Unfortunately, there's no law about VeriSign doing it.

 

[Etoile]

From CNN.com - VeriSign shuts down Web site finder - Friday, October 3, 2003

SAN FRANCISCO (Reuters) -- Web address provider VeriSign Inc. said on Friday it would suspend a controversial new service that steers mistaken Web searches to its own page after the organization that oversees Internet policies demanded it do so.

Earlier on Friday, the Internet Corporation for Assigned Names and Numbers issued a statement insisting that VeriSign halt its SiteFinder service and restore the ".com" and ".net" Web domains to the way they were before Sept. 15, when VeriSign began the service.

ICANN gave VeriSign until 6 p.m. PDT to comply with the request or face sanctions for violating its contract with ICANN.

"We will accede to the request while we explore all of our options," VeriSign spokesman Tom Galvin told Reuters.

VeriSign has defended its move, saying it was providing a convenience to Internet users who previously received an error message. The SiteFinder service directs searches for Web addresses that have been mistyped or not registered to a page that includes pay-for-placement topic links.

But Internet users, network administrators and rivals have cried foul, claiming VeriSign overstepped its authority.

"There have been widespread expressions of concern about the impact of these changes on the security and stability of the Internet," ICANN said in its statement.

SiteFinder is rendering spam filters ineffective, adversely affecting other automated Web tools and services and creating a single point of failure "that is likely to be attractive to deliberate attacks" and raising serious privacy issues, according to ICANN.

VeriSign's activation of SiteFinder is "not consistent" with its contract to serve as the main database keeper of all addresses in the ".com" and ".net" domains, ICANN added.

With the service, VeriSign is violating the contract's code of conduct and equal access obligations and failing to act as a neutral registry service provider, among other things, ICANN said.

Galvin said ICANN was using "anecdotal and isolated issues to attempt to regulate non-registry services, but in the interests of further working with the technical community, we will temporarily suspend SiteFinder."

Thwarting efforts such as providing new services will hinder innovation on the Internet, he added.

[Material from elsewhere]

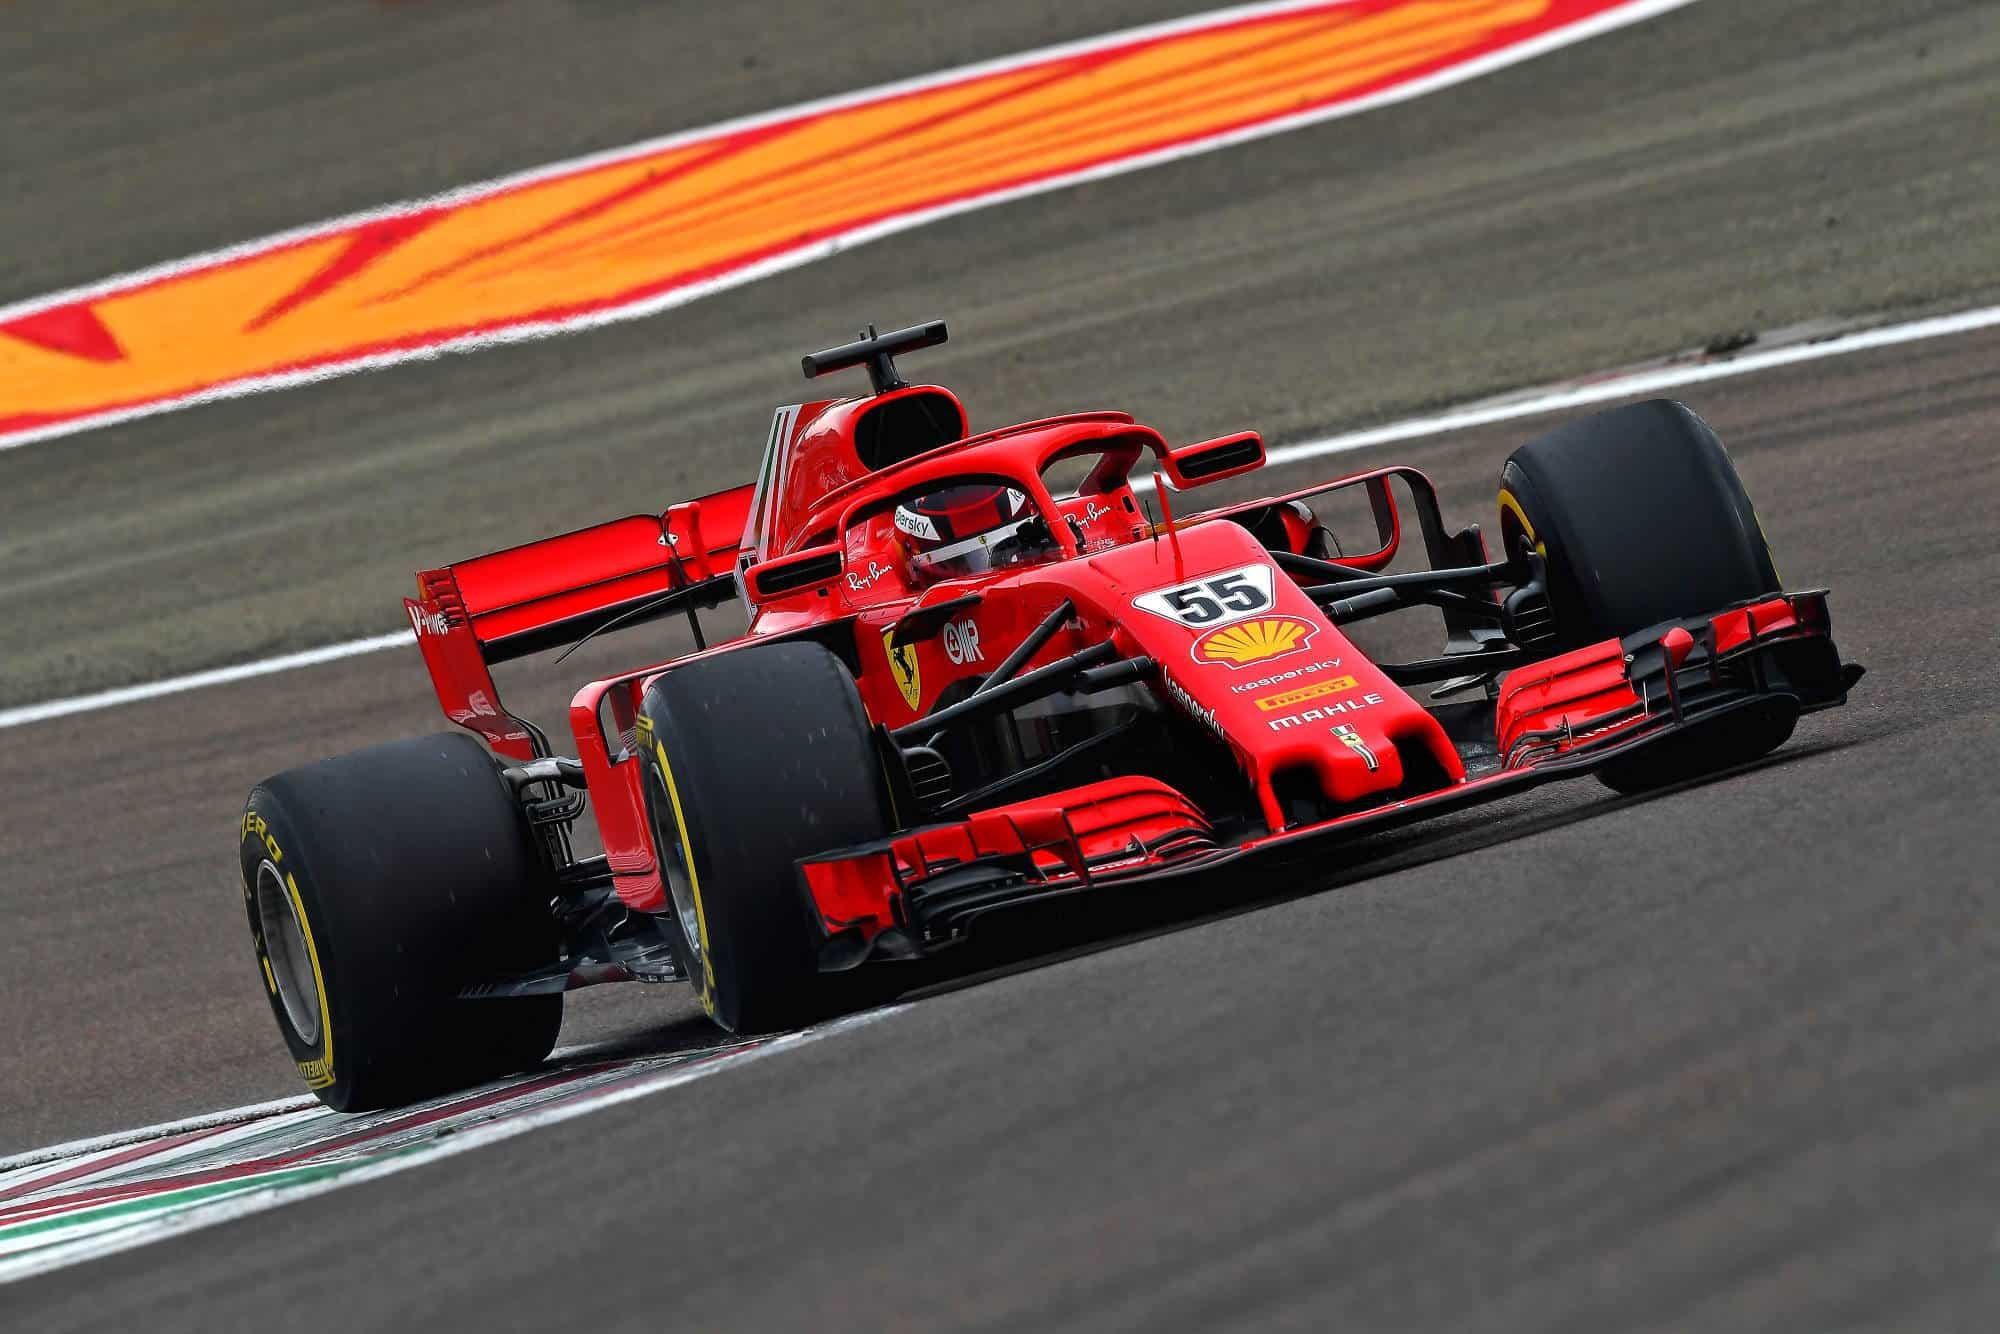 2021 Fiorano Carlos Sainz first Ferrari test on track Fiorano Ferrari SF71H 2018 on Wed 27 Jan 2021 Photo Ferrari

At least three lawsuits by other Internet companies have been filed against VeriSign over the service.

ICANN previously asked VeriSign to suspend the service, but VeriSign instead said it would form an advisory panel.

VeriSign is not the first registry to test or implement a so-called "redirect" service. But its service impacts the majority of Web searches, as opposed to addresses ending in other domains, such as .biz.

VeriSign's SiteFinder service has been used more than 40 million times by Internet users in just over two weeks, Galvin said.